#  > THEATER FORUM FORA >  > THEATER FORUM - ONDERWERPEN & FOTO'S >  >  Vakantietheater Orient palace

## misjel

heey,
ik zit hier op vakantie met een best wel mooi theater met het volgende(weet van de meeste dingen de merken niet srry):
behringer mixertjes verschillende
2x rcf Art 300 fullrange boxen 300 watt
2x subwoofer
8x par 64 long
15x theaterspots
4x Movingheads
4x blacklights 
1x stroboscoop
1x beamer
1x volgspot

het gaat hier om een theater wat bij een hotel hier in turkije hoort.
graag recties,
groeten misjel

----------


## WinterS

> ik dacht dat dit een foto forum was? 
>  Waar zijn de foto's dan?



het is een onderwerpen & (EN) foto forum...
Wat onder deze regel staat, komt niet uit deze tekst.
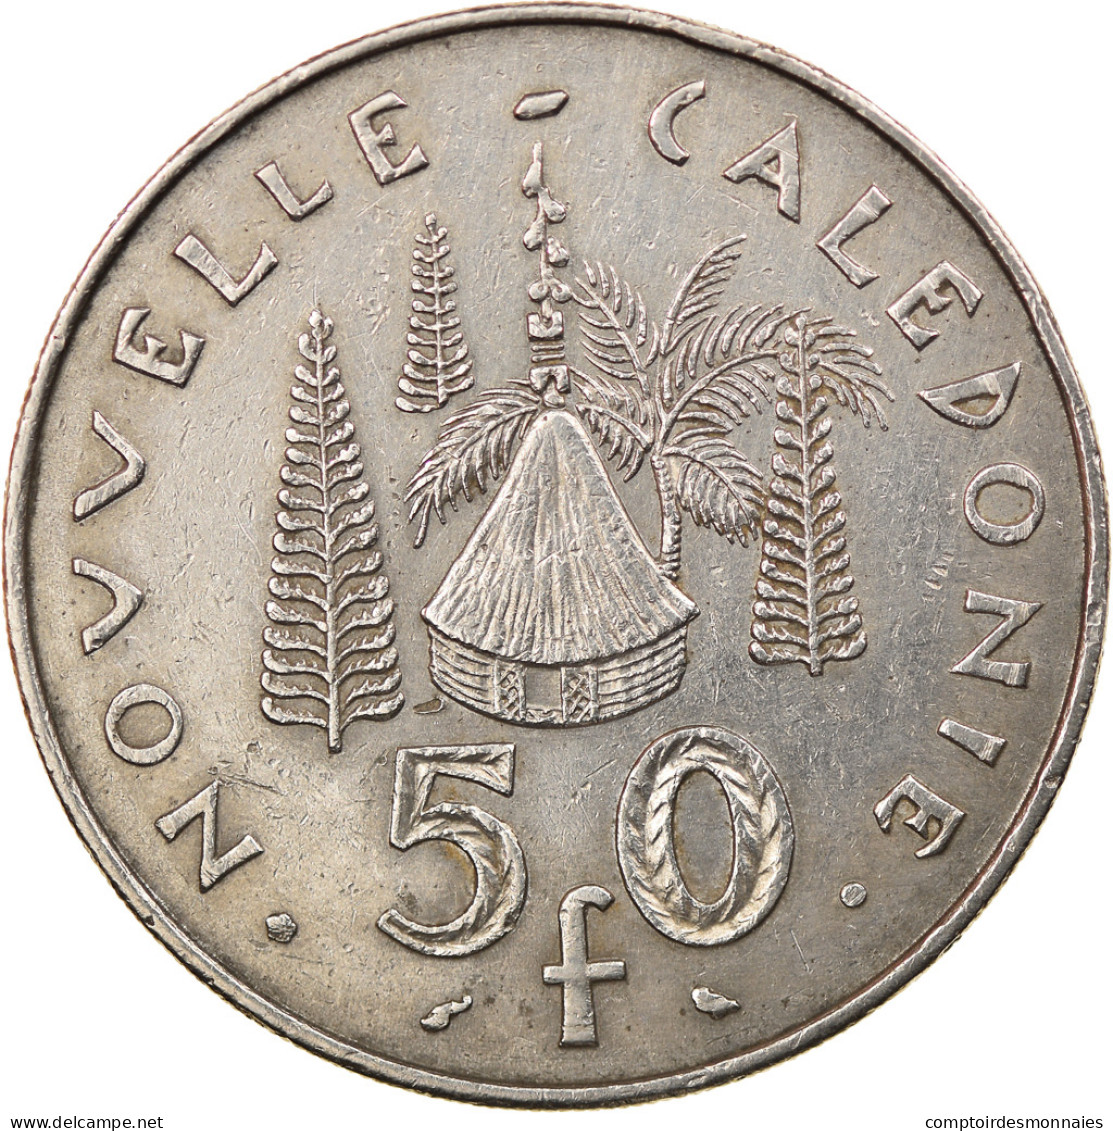 Monnaie, Nouvelle-Calédonie, 50 Francs, 1972, Paris, TTB, Nickel, KM:13 - Nouvelle-Calédonie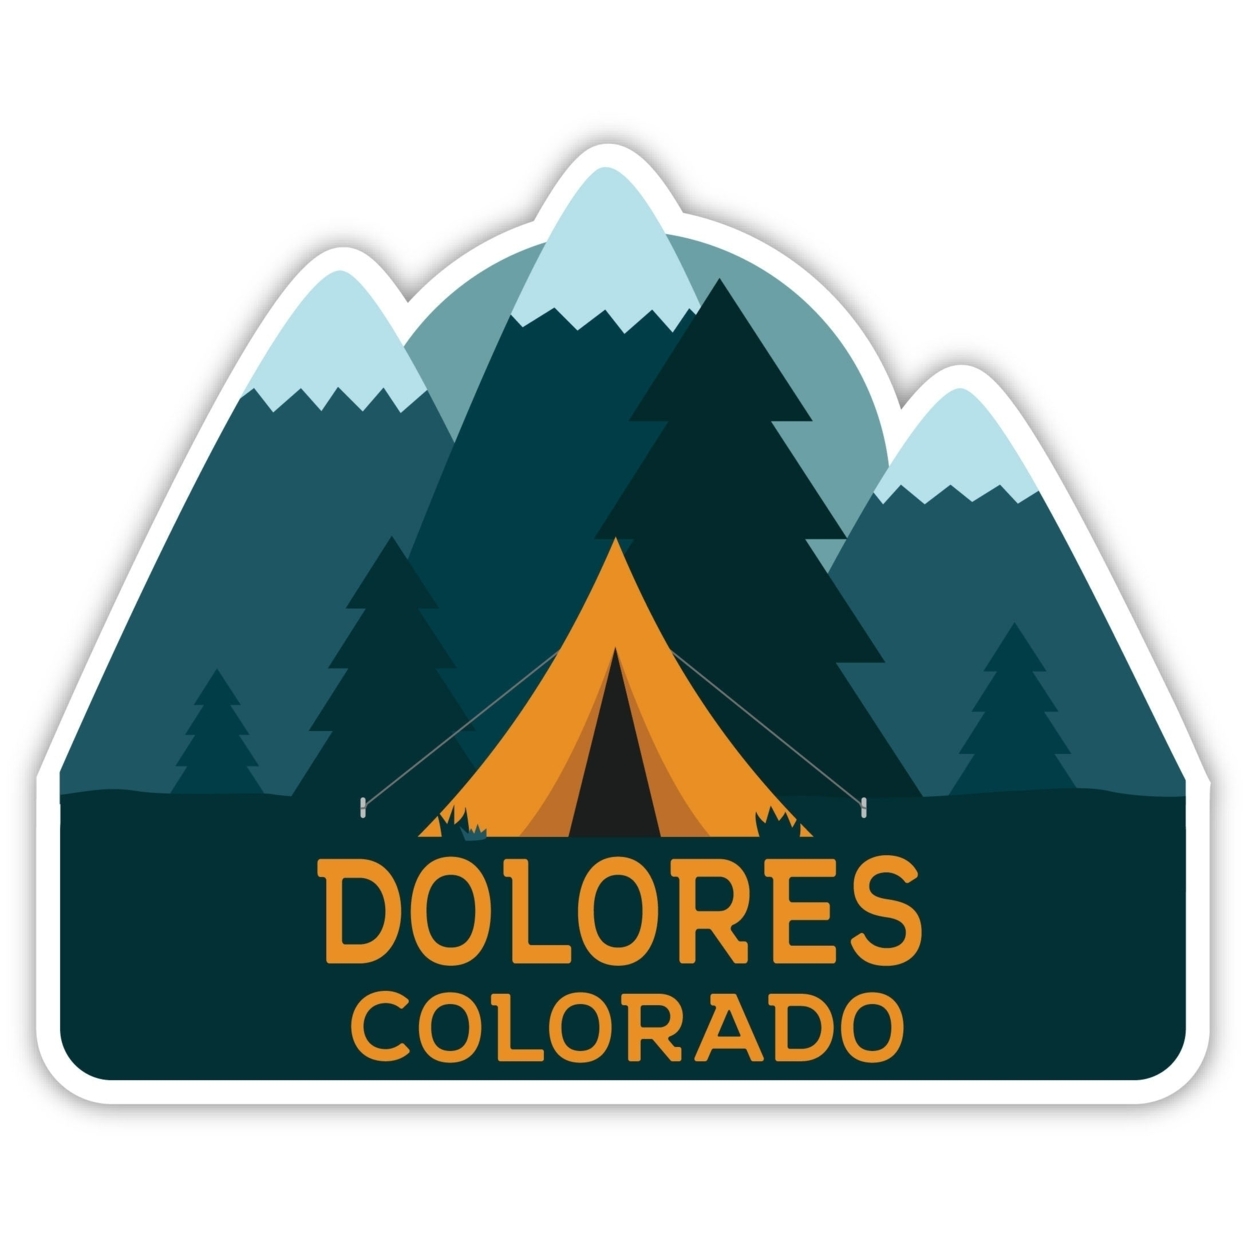 Dolores Colorado Souvenir Decorative Stickers (Choose Theme And Size) - Single Unit, 10-Inch, Tent

@misjel: wat moet er eigenlijk gezegt worden over dit materiaal?

----------


## sfvb

voor een hotel vind ik dit zeer goed. zoiets heb ik nog in geen een hotel gezien. Ben vandaag net terug uit egypte, in ons hotel  hadden ze 'maar' 12 parren, verder geen safety's en trusklemmen. volgens mij was alles met schroeven en tie-raps aan elkaar gemaakt. aarde hadden ze ook nog nooit van gehoord

----------


## misjel

ik ben nog aan het zoeken voor verdere merken en versterkers,
en foto's komen ook nog.
vanavond een musical in het theater: grease.
ojaa en de rcf boxen worden na de show op een terrasje neer gezet met mic. erbij. dan is er altijd wel iemand die een cdtje of een gitaar bij zich heeft.
ook hiervan komen nog wel fotos.
site van het hotel(staan ook foto's):
www.orientpalace.com.tr

Groeten misjel

----------


## AJB

Sorry lieve mensen, maar dit is compleet oninteressant en irrelevant voor het Theatertopic. Het bespreken van kleine setjes licht & geluid mag in het drive-in show forum.


Slot erop...

----------